Torah reading 370.
(photo credit:Marc Israel Sellem /The Jerusalem Post)
This week’s Torah portion opens with halachot, Jewish laws, regarding “eved Ivri” (a Jewish slave).
Who is this slave the Torah is discussing? Our sages explain that he is a thief who was caught and has no ability to pay back what he stole. In such a case, the Torah instructs that the thief should be sold as a slave with the payment going to the person he stole from.
The term “eved” is foreign to us. In the Western world, the concept of slavery has disappeared, and good that it has.
But it seems that we still have something to learn from these halachot.

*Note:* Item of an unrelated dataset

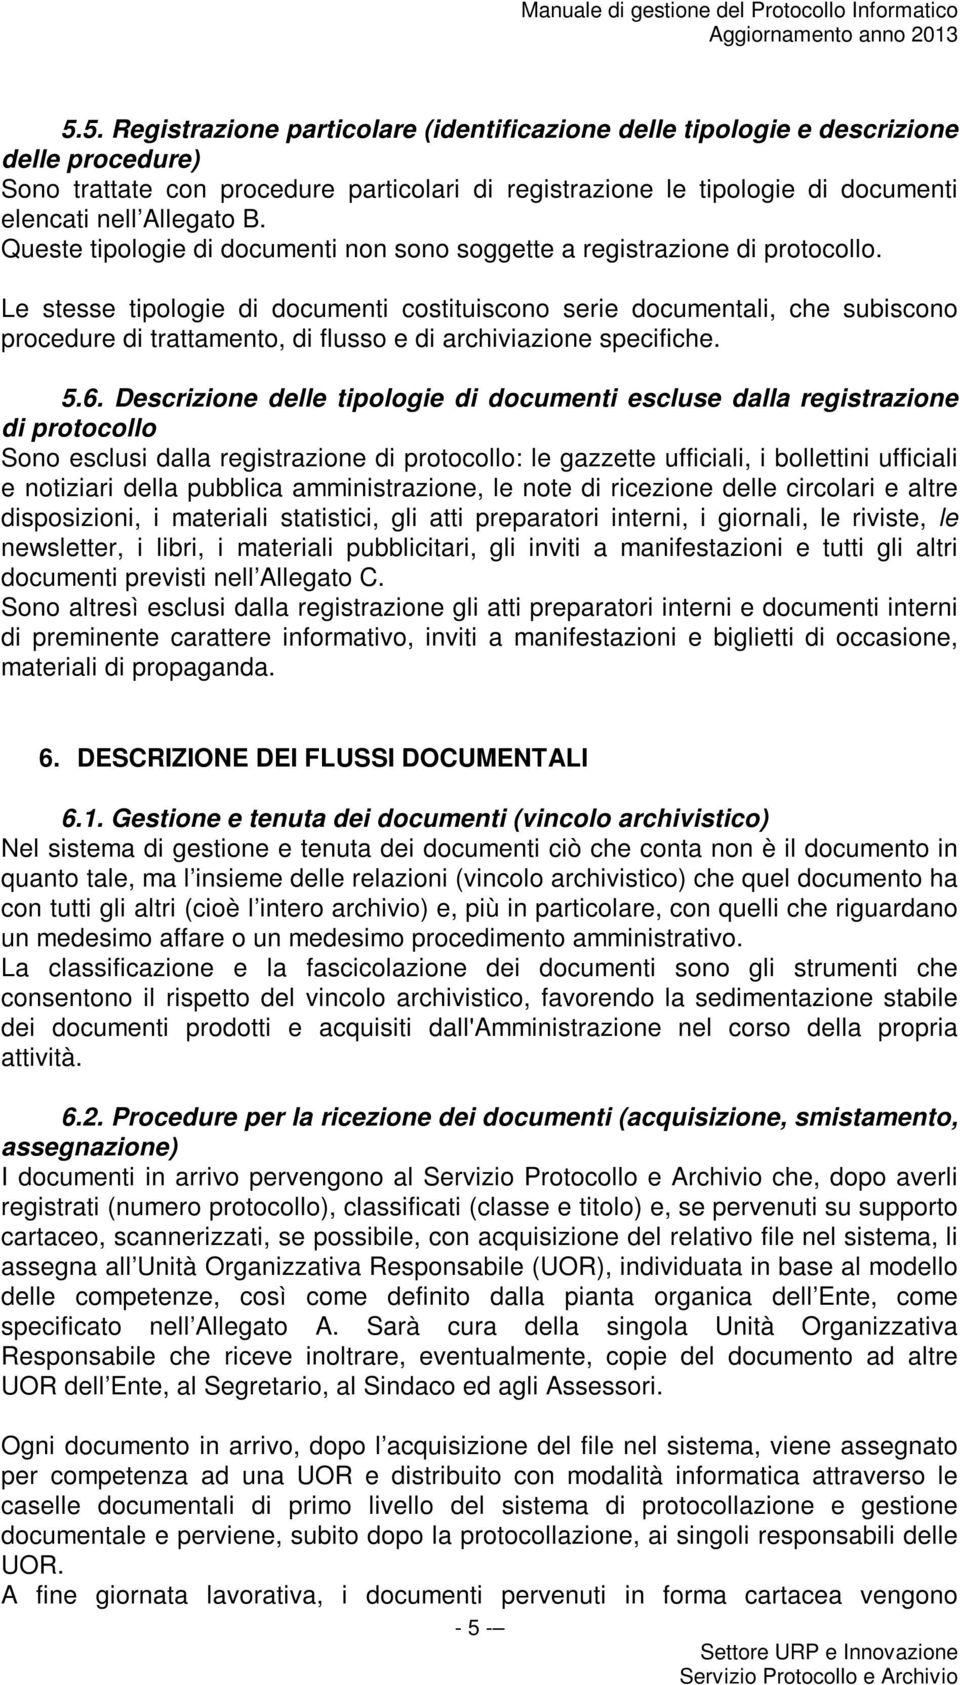 B. Queste tipologie di documenti non sono soggette a registrazione di protocollo.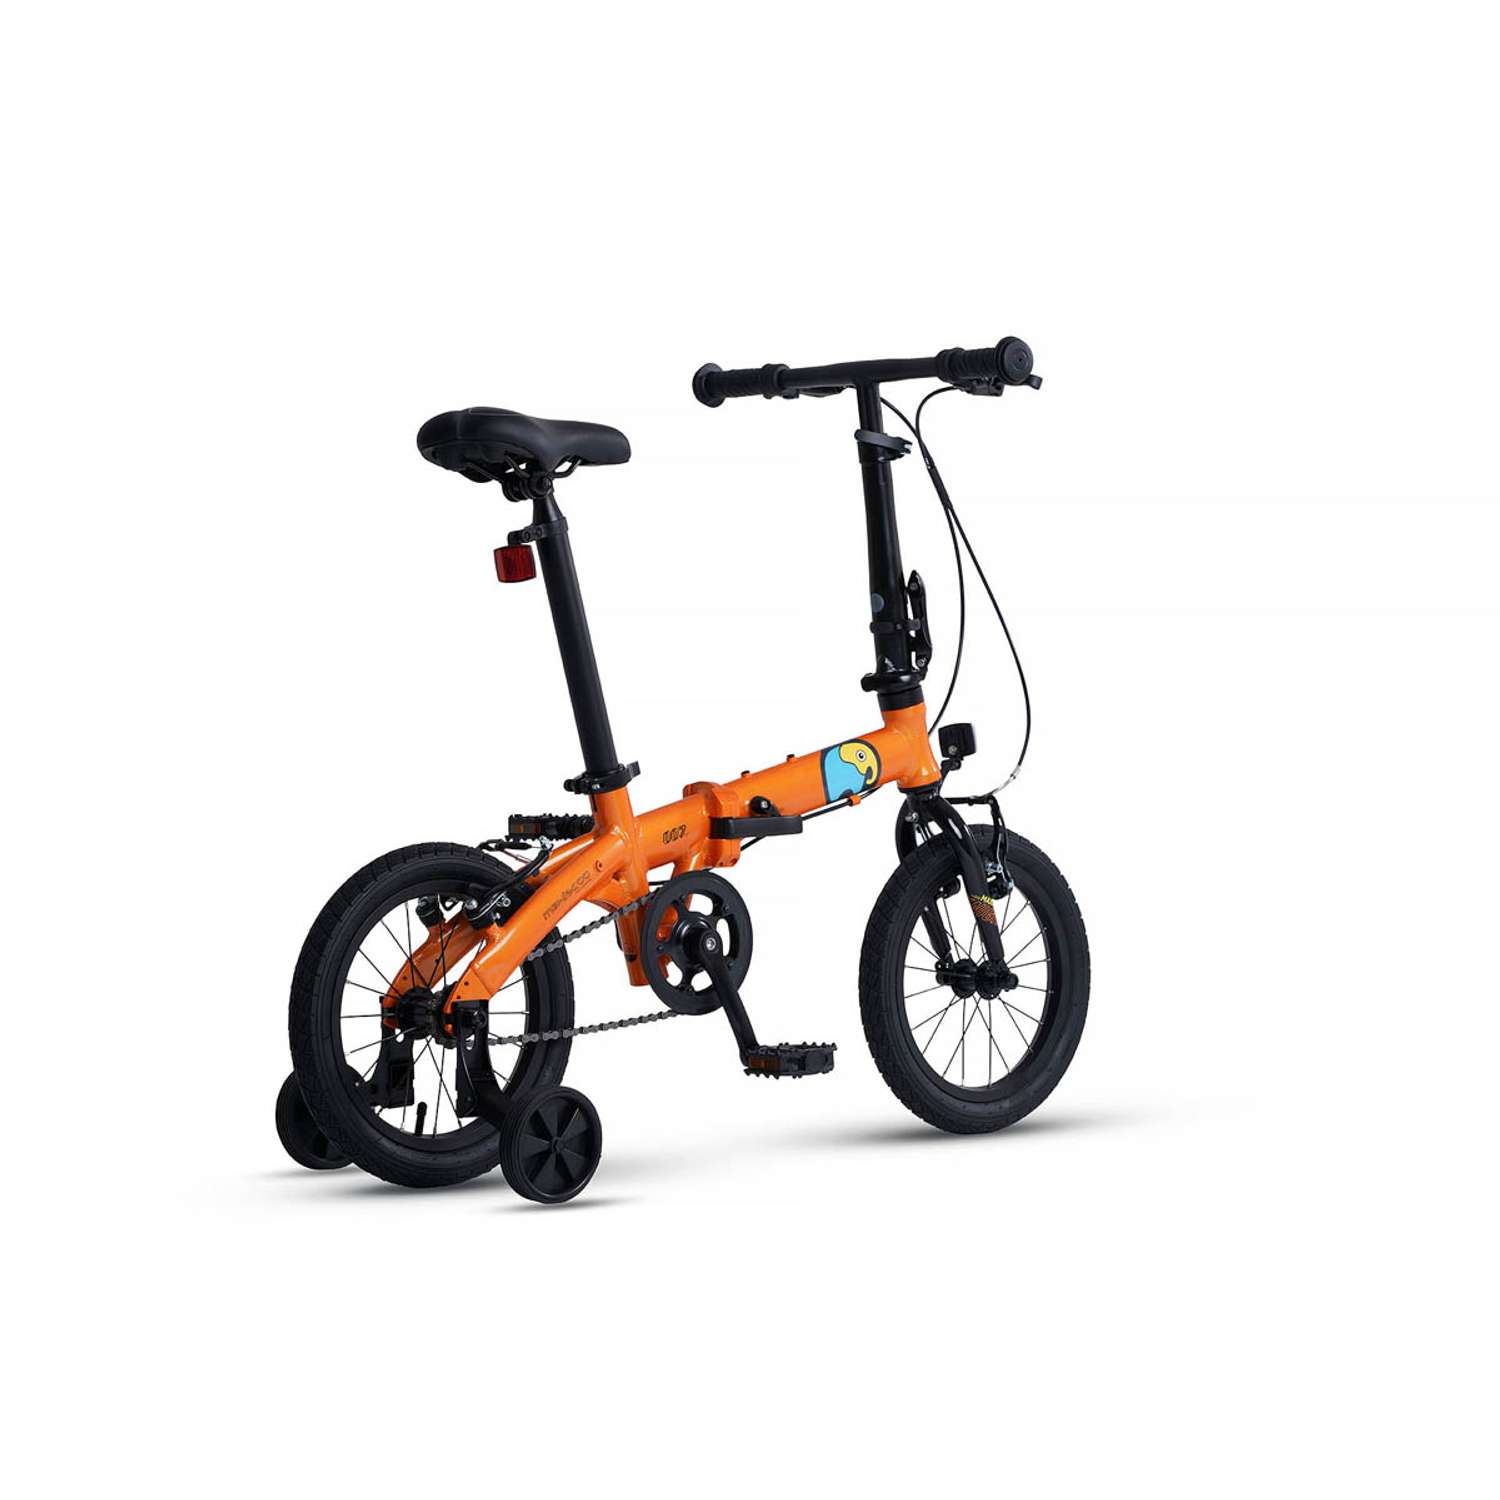 Велосипед Детский Складной Maxiscoo S007 стандарт 14 оранжевый - фото 4

First of all, we want to ask: Isn’t this punishment too severe? Couldn’t the Torah have punished the thief with incarceration, as is acceptable today in most countries in the world? When we examine the halachot regarding this thief, we find that it is not at all certain that the slavery he was sold into acts as a punishment for him. First, we must realize that the slavery is limited to only six years, and the master has no right to enslave him for even one additional day. Second, during those six years, the master cannot make him do demeaning work, or even unnecessary work. Third, during these six years, the master is obligated to sustain the slave’s family. Fourth, the living conditions to which the slave is entitled must be of the same level as the master, so much so that if the master has one pillow, he must bequeath it to the slave and sleep without one, since if the master sleeps with a pillow and the slave does not, the slave’s conditions are harmed.
And if we think that these benefits are exaggerated, the final halacha will surely surprise us: At the end of the six years, the master is obligated to give that same slave – if after all the above conditions we can still call him a “slave” – a respectable sum of money so that he has the ability to start a business, learn a profession, etc.
So now we ask again: Is this punishment too severe? And the answer now is that the punishment appears too lenient. So the question we are left with is: Why did the Torah choose this unique punishment? The answer to this lies in the very conditions and benefits to which the thief is entitled during his six years of slavery.
For six years, this man will live under very generous conditions, knowing full well that he does not deserve to. He is, after all, a simple thief. But the master supports him, makes sure he doesn’t work too hard, and provides him with good living conditions. All this comes to teach us that this is basically an educational workshop, or maybe a rehabilitation workshop.
Experience has shown that punishments of incarceration, though often there is no choice but to use them, are the worst choice for a person who slipped and committed a crime. In prison he is exposed to worse crimes, he loses his social connections and develops relationships with negative influences, sometimes losing his livelihood so that when he is released from prison, he feels he has to break the law again. This description is familiar to anyone who deals with rehabilitating criminals.
The punishment given the thief in the Torah is indeed unpleasant. His freedom is taken from him and he has to work for his master. But, at the same time, the punishment teaches him about humane and generous behavior. He learns about correct social relationships. He sees how one should act with another who is weak and miserable.
He learns all this during these six years so that he is not only punished, but also rehabilitated, turning into a normative and even contributing member of society.
When the six years are over, the master gives him a respectable sum of money so that he will not be dragged back into the world of crime, but will be able to rebuild his life in legitimate ways.
Thus, the punishment becomes a step that advances the man and society as a whole.
The writer is rabbi of the Western Wall and Holy Sites.